# Possible A127 DINER meet in Essex



## 204driver (Aug 27, 2008)

HI all, who would be up for a imformal meet at the A127 diner which is 10 miles west of southend in essex?? This is only 20 mins from the M25. I know the owner and if we have enough people and eat there he will probley close for the night and we can have the place to ourselves. It's good food, has a large car park and can seat up to 80 plus for food. Might even see if the local AG rep wants to come down there:thumb: Let me know if your interested.:wave::thumb: Paul


----------



## Gandi (Dec 18, 2007)

Id possibly come along to that as its only up the road to me


----------



## SBerlyn (Nov 9, 2008)

Up for this; could try to get the AS rep as I suspect he'd be more popular?

S


----------



## stuart5760 (Jan 22, 2008)

I'm always in the area too so I'd be available - Agree with Sam, James the AS rep would be good if he could come. Met up with him last week for a few bits, very handy and top bloke


----------



## SBerlyn (Nov 9, 2008)

Stu; where is James based? I've used the one that covers Cheshunt/Harlow and he's a bit of a muppet at times - Tony I think. Is James reasonable?

S


----------



## stuart5760 (Jan 22, 2008)

James is based in the Braintree area and has a unit there which I know a few guys off here have bought bits from. James covers a large area which I'm pretty sure covers the A127 Diner part as it comes under Basildon which is where I saw him while working in a nearby office block. I think Tony has stopped as a AS rep now, used him myself once but I tend to work in similar areas to James. I thought the prices were reasonable and was very helpful too when meeting me en route to another customer.


----------



## SBerlyn (Nov 9, 2008)

Brill  

Fingers crossed this meet goes ahead then as I need some AS bits.

Stu - are you going to JamesB's meet @ AutoFinesse?

S


----------



## stuart5760 (Jan 22, 2008)

Unfortunately I'm away on holiday on the meet date so wont be available for this one but as you say hopefully the A127 meet will go ahead.
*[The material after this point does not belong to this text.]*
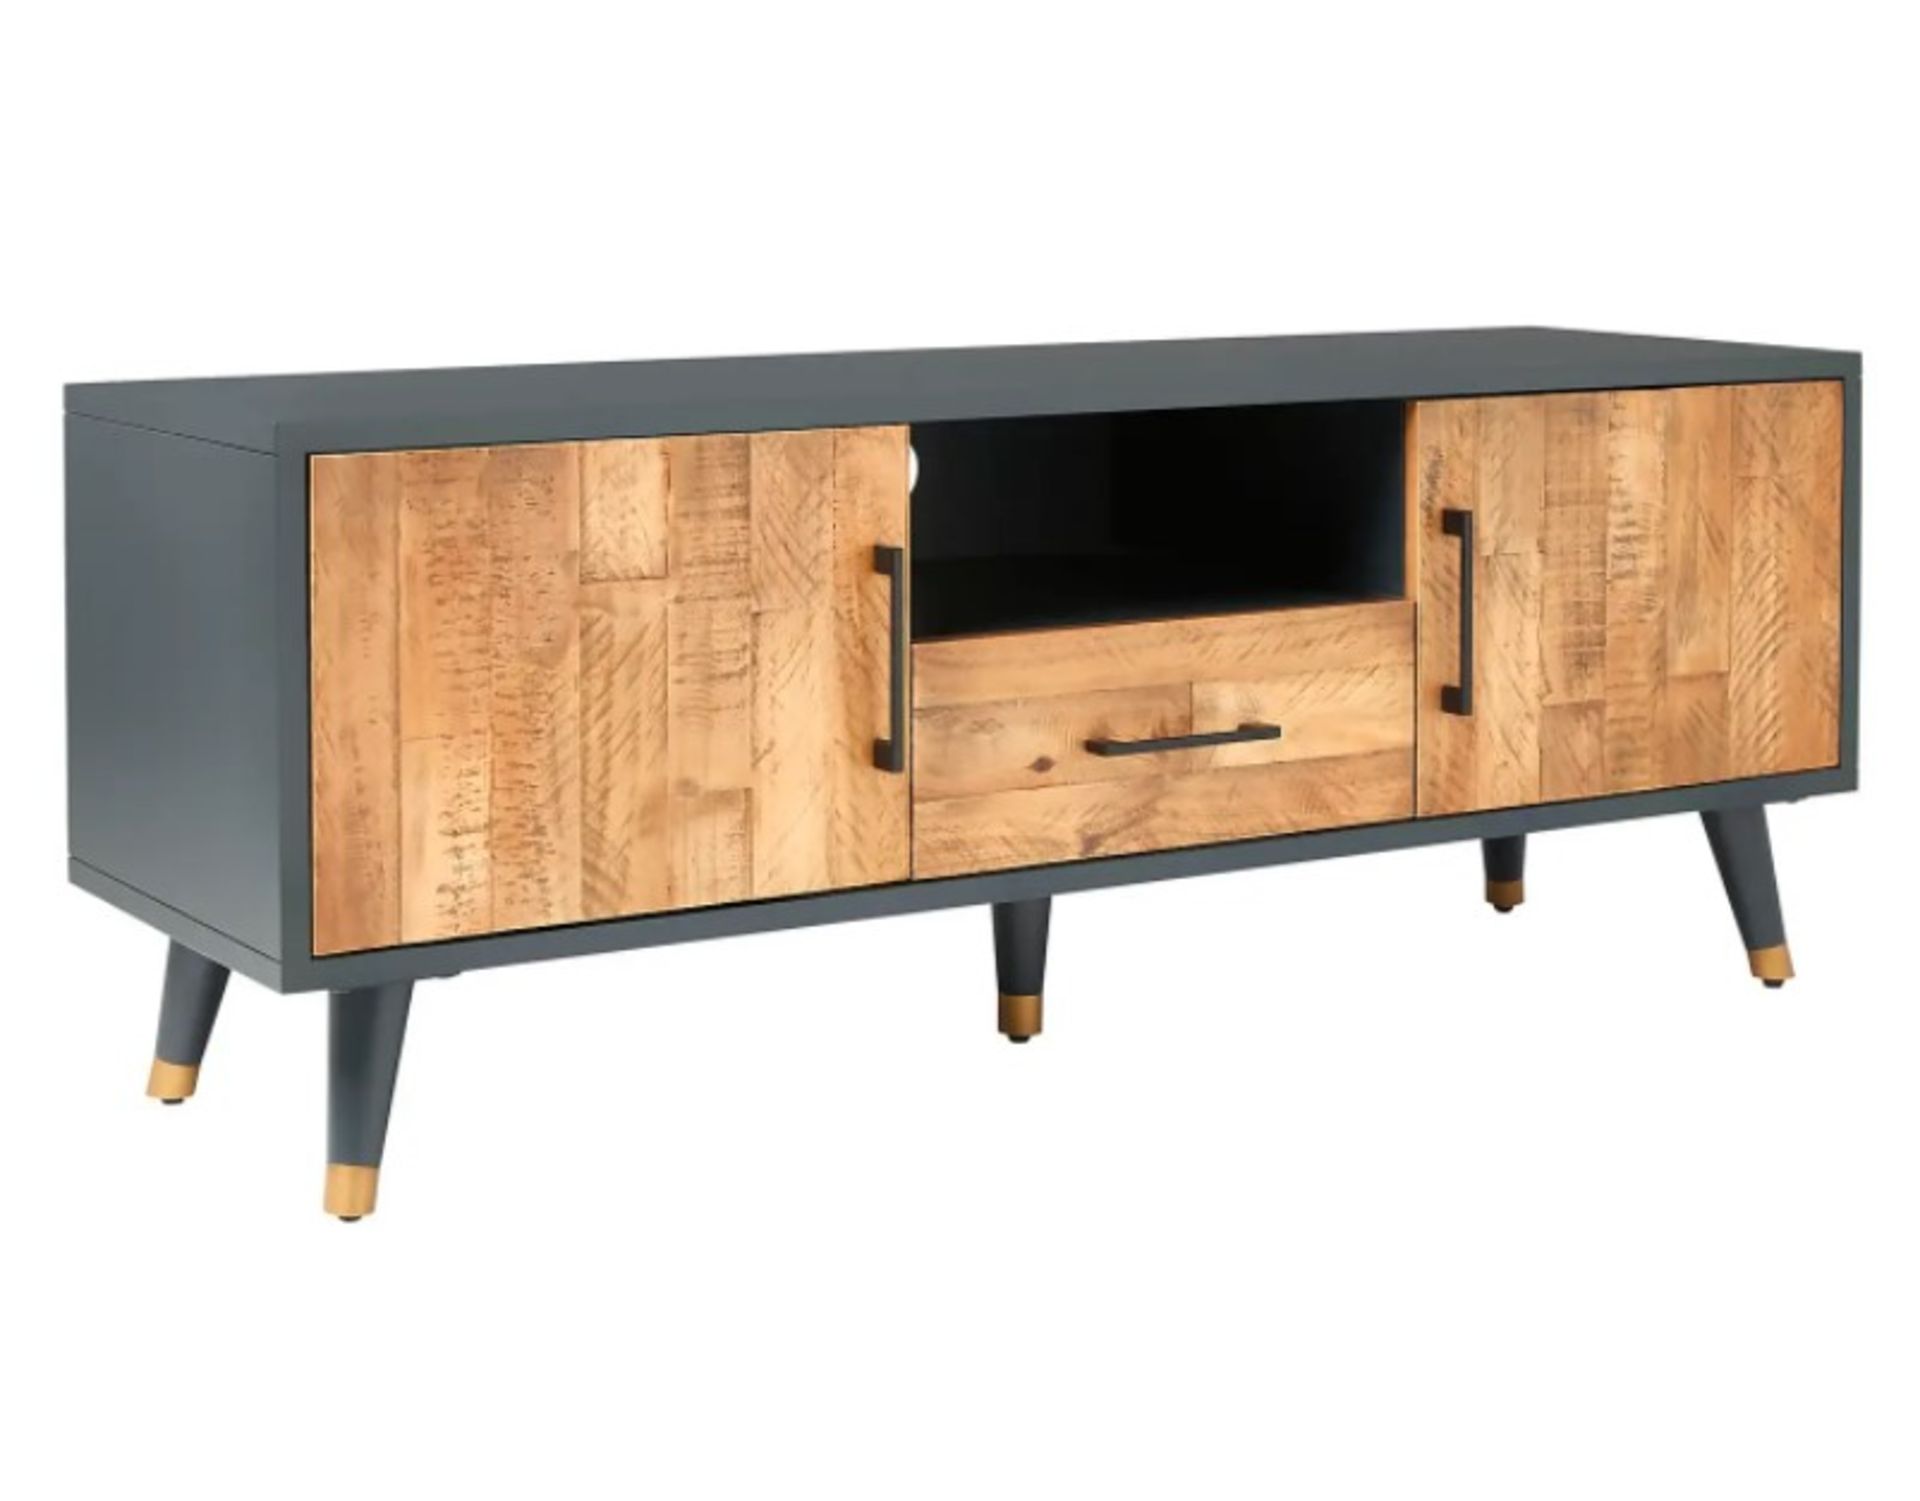 (Mz) 1x Franklin Wide TV Stand RRP £325. (H)50 x (W)134 x (D)40cm - Image 2 of 4

If you can't get to any meets and need some bits then give me a shout and I'll meet up with James when I'm working and then when I'm over your way visiting I'll drop them off.


----------



## alexf (May 23, 2009)

YAY! 

I've been waiting for a meet to come up in Essex. Would love to go to this, as I live in Southend and the VW club gti essex forum meet up at the diner too. 
Good times. 

Can't wait! :thumb:


----------



## Rizzo (Jan 22, 2009)

We have our local meet down there, the owner is a top bloke, im up for this meet.


----------



## 204driver (Aug 27, 2008)

OK! Gonna set a date for this then as quite a few of you are up for it! I'm thinking a sat evening in late march.:thumb:


----------



## SBerlyn (Nov 9, 2008)

204driver said:


> OK! Gonna set a date for this then as quite a few of you are up for it! I'm thinking a sat evening in late march.:thumb:


Sounds good to me!


----------



## stuart5760 (Jan 22, 2008)

Good for me - Count me in, Cheers


----------



## Gleammachine (Sep 8, 2007)

15 mins from me so sounds good, count me in.
If the owner is happy to provide power, then I'd be happy to do some machine polishing demo's etc..
May also possibly be able to provide some stock, (will confirm once dates have been provided)


----------



## Gleammachine (Sep 8, 2007)

204driver said:


> OK! Gonna set a date for this then as quite a few of you are up for it! I'm thinking a sat evening in late march.:thumb:


Hi Paul, would a saturday mid morning till early afternoon not be better, only from experience it would usually get a better turn out and people can come and go as they please


----------



## SBerlyn (Nov 9, 2008)

Gleammachine said:


> Hi Paul, would a saturday mid morning till early afternoon not be better, only from experience it would usually get a better turn out and people can come and go as they please


... and we can actually scrutinise the cars 

S


----------



## alexf (May 23, 2009)

anytime saturday in march is great for me too :car:

Rizzo, is the local meet a DW one or different? If it is can I come along? lol


----------



## Rizzo (Jan 22, 2009)

alexf said:


> anytime saturday in march is great for me too :car:
> 
> Rizzo, is the local meet a DW one or different? If it is can I come along? lol


Its not a DW meet mate.

Just a car club, we often meet up there.

I'll pm you the website as im not sure of the rules on here.


----------



## Deanvtec (Mar 3, 2008)

This meet sounds good, dates permitting count me in.:thumb:


----------



## 204driver (Aug 27, 2008)

ok, gonna speak to the owner asap and then set a date! And i agree with Rob, a mid morning start is properly best so we have day light. The dates i'm thinking at the mo are sat 13th march or sat 20th march! I should have a deff date in the next day or 2.:thumb:


----------



## stu197 (Mar 1, 2009)

I would be up for this,can also supply a nice swirly black 197 for demos too,I really need too be shown how too get them out.


----------



## jimbo1 (Nov 24, 2007)

I'm interested as well


----------



## jamesmut (Jan 5, 2008)

stuart5760 said:


> I'm always in the area too so I'd be available - Agree with Sam, James the AS rep would be good if he could come. Met up with him last week for a few bits, very handy and top bloke


Stop it Stuart - I'm blushing!!!!!:lol:

I should be able to bring the AS truck for this depending on the date. I can't do the 13th or the 20th but can do the 27th. Or I can do it any Sunday in March.


----------